The Pensions Act 2004 – what does it mean for HR?

After a show of brinksmanship between the House of Commons and House of Lords, the Pensions Bill was enacted on 19 November 2004. But what does this mean for companies with pension schemes?

To paraphrase the Prime Minister, companies can expect regulation, regulation, regulation – if they have a final salary scheme. Companies with money purchase schemes escape largely unscathed. Much of the Pensions Act will not be coming into force until April 2006, but employers need to be getting ready now.

The Government has replaced the minimum funding requirement (MFR) for final salary schemes. Since MFR was greeted with such scepticism by the pensions industry from the outset, and has comprehensively failed to provide members with meaningful security, the only question is why it took so long.

Instead, we now have the Statutory Funding Objective. This objective is to ‘have sufficient and appropriate assets to cover its technical provisions’, and employer contributions will need to be set accordingly. The pensions regulator is going to be given the power to fix contribution rates where there is no agreement between trustees and employers on this.

The biggest idea in the new Act is to strengthen sharply the protections for pension schemes on insolvency. These have been the subject of much controversy. From 6 April 2005, the Government is establishing a Pensions Protection Fund (PPF), under which all final salary schemes will be compelled to mutually insure each other.

Employers cannot walk away from final salary scheme liabilities. If they wind up the scheme, they must fund it to allow all benefits to be secured with annuities. And, if they haven’t got enough money, then the regulator can force shareholders and sister companies to pay this sum.

The Government claimed to have listened to the concerns of investors, but its changes were cosmetic. The only significant change was that directors who do not control the company will not after all be vulnerable to being made liable for the company debt. Shareholders, including shareholders of parent companies, remain firmly in the firing line. Company investors will be unimpressed, and those in charge of benefit design need to know that pension schemes cannot be lightly got rid of.

Some requirements apply to all schemes. Trustees are expected to be ‘conversant’ with scheme documentation and have knowledge and understanding of trust law and investment matters. Companies will need to ensure that pension scheme trustees are adequately trained. The regulator will be issuing further codes of conduct on this in due course. This is an important area to keep an eye on.

The Government has tinkered with the statutory restrictions on the power to amend pension schemes. This has long been a complete legal mess, given the uncertain meaning of “accrued rights”. You could not make up what followed. Instead of one impenetrable section of the 1995 Act, we now have 10 impenetrable sections of the 2004 Act – that is what Government means by simplification. Some of this is to reflect the new Information and Consultation Directive, but some of it is just the Government introducing complexity for its own sake. We shall probably see no amendments of pension schemes to speak of in the near future, which I suppose is one way of solving the problem.
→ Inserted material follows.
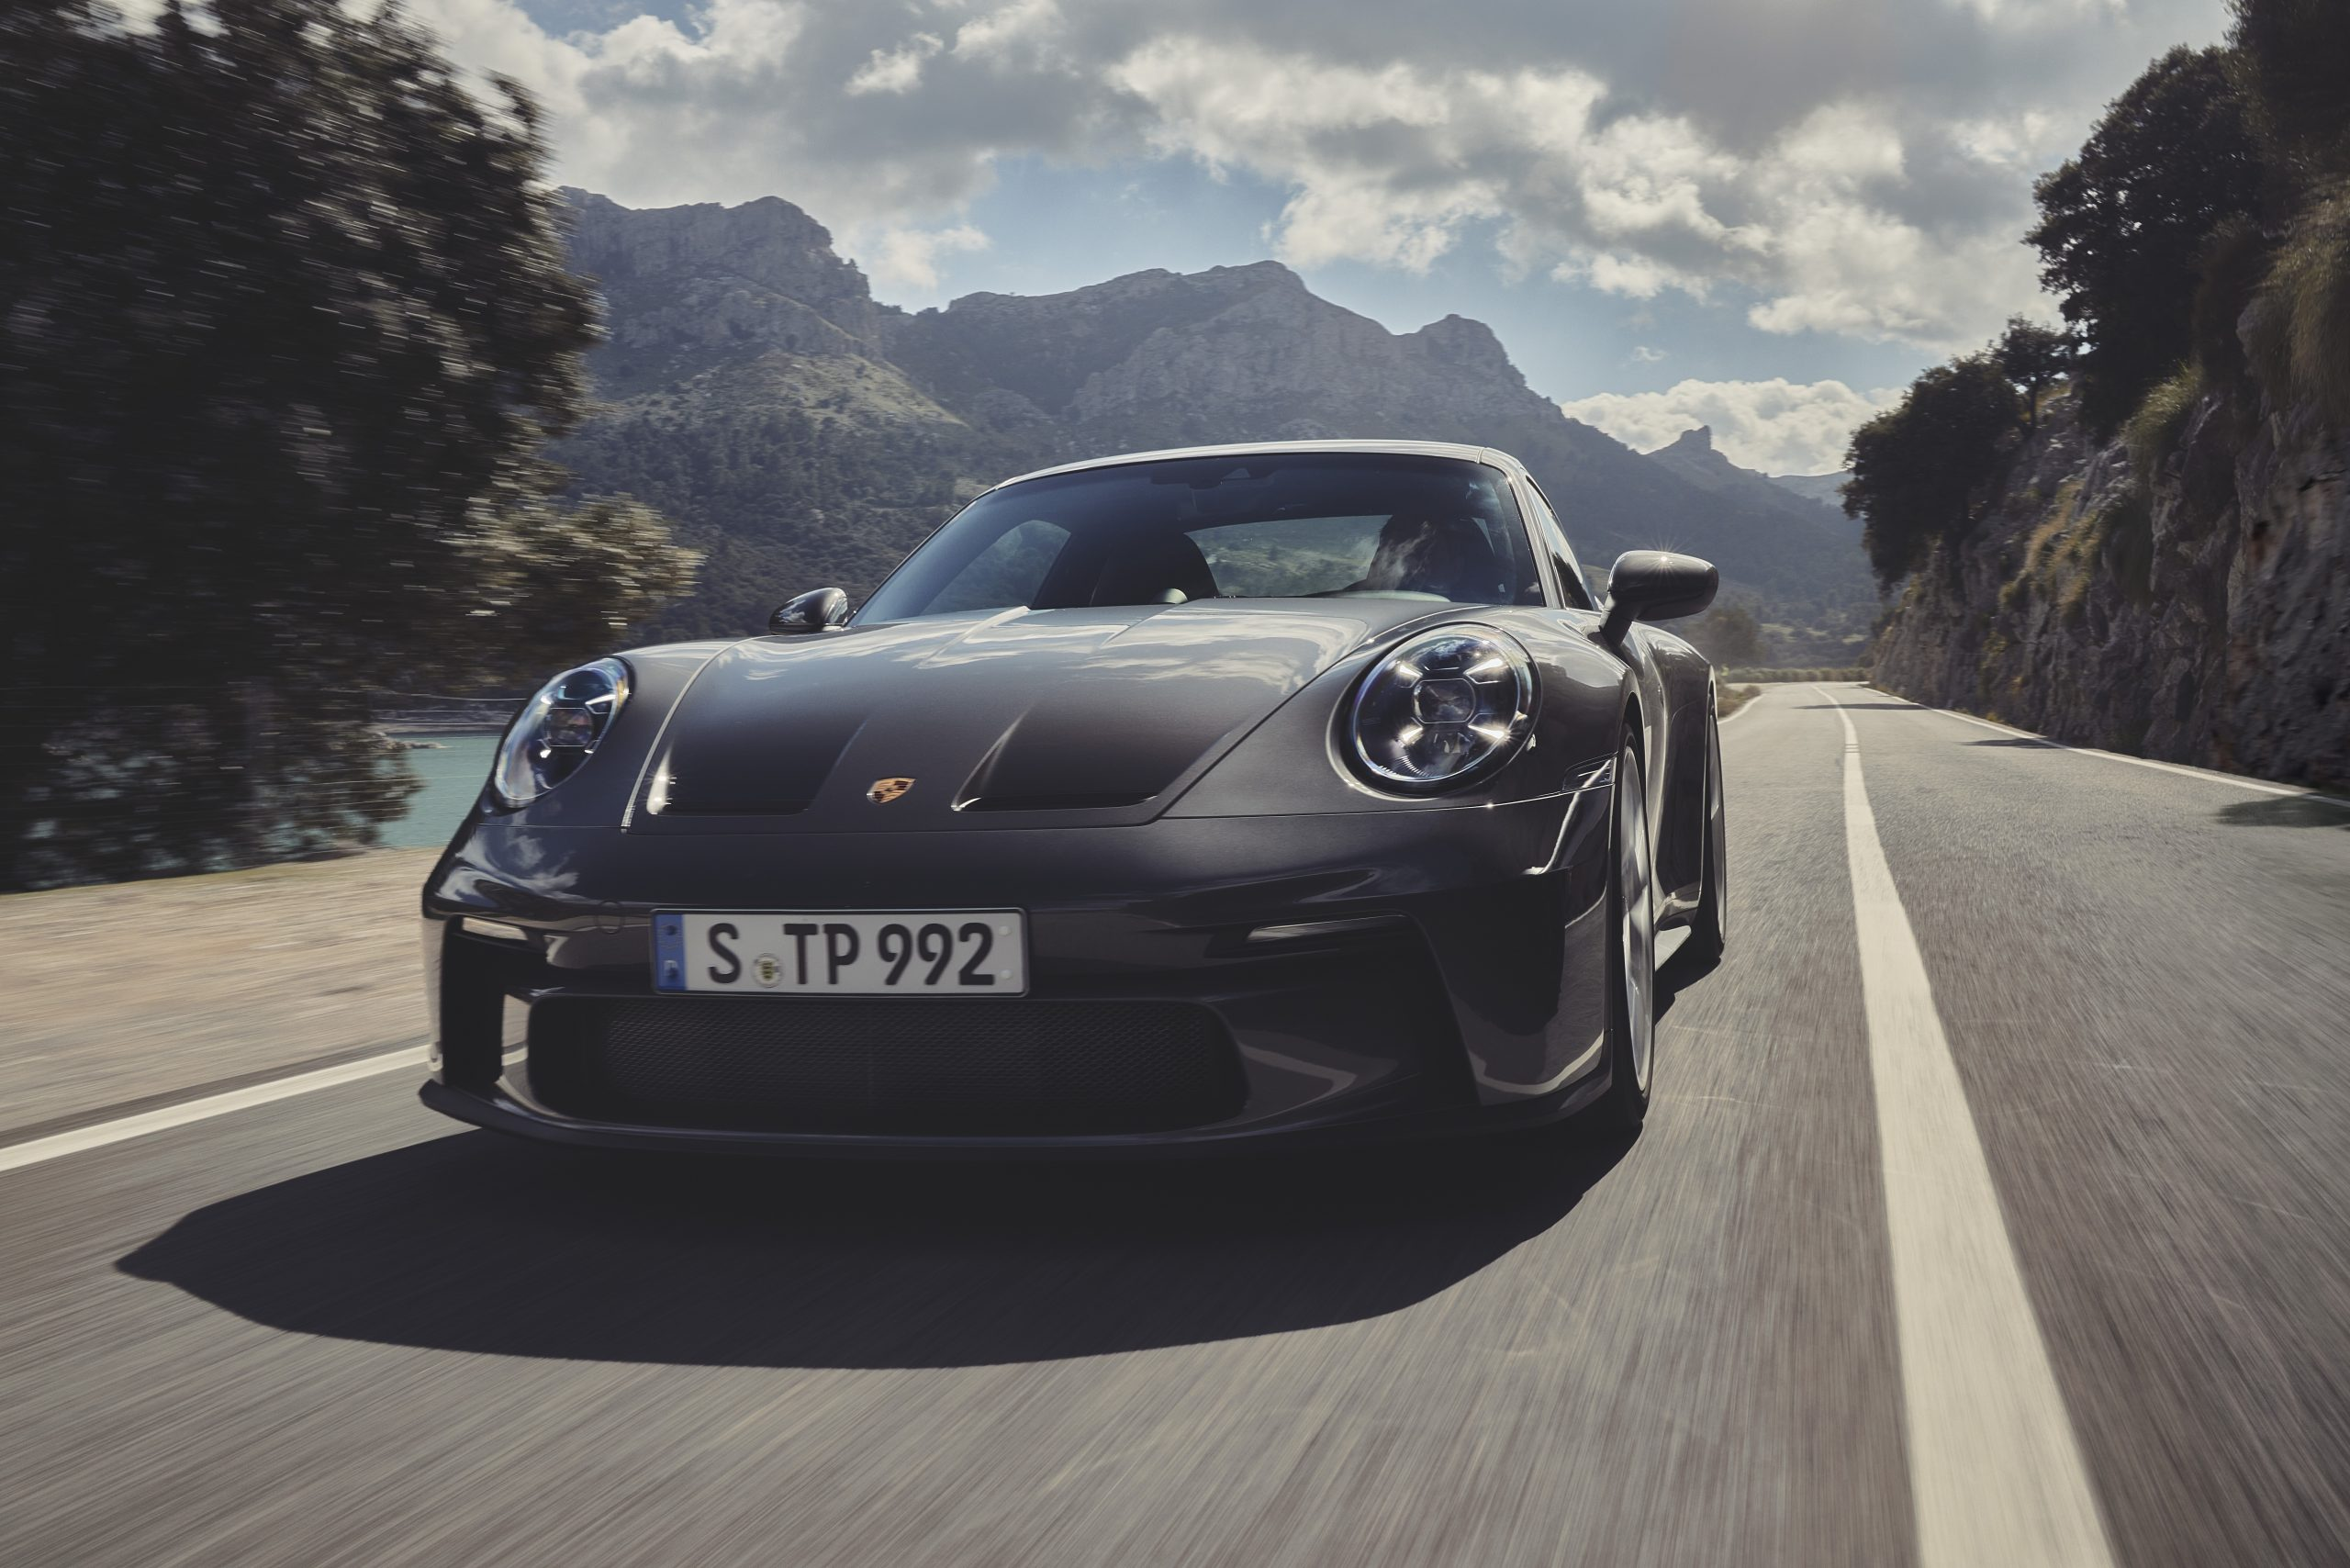 S21 2129 fine scaled Rimac και Porsche, αγοράζουν τη Bugatti; Bugatti, Porsche, Rimac, Volkswagen, VW, zblog, ειδήσεις, Νέα

The Pensions Act will also require buyers on a business transfer to make ‘relevant contributions’ on behalf of a member who has a pension scheme provided by the seller. The level of relevant contributions are to be set by regulation, but it is understood that employers will need to match employees’ contributions up to 6 per cent of salary (regardless of the pre-existing pension promise). However, the Government made no attempt to take account of the continuing uncertainty about the extent to which there may be wider obligations on buyers to mirror pension benefits arising out of recent European Court of Justice cases.

There is little that is entirely new in the Pensions Act 2004, but much that employers and HR managers will need to think about. It needs to be factored into pensions thinking, starting now.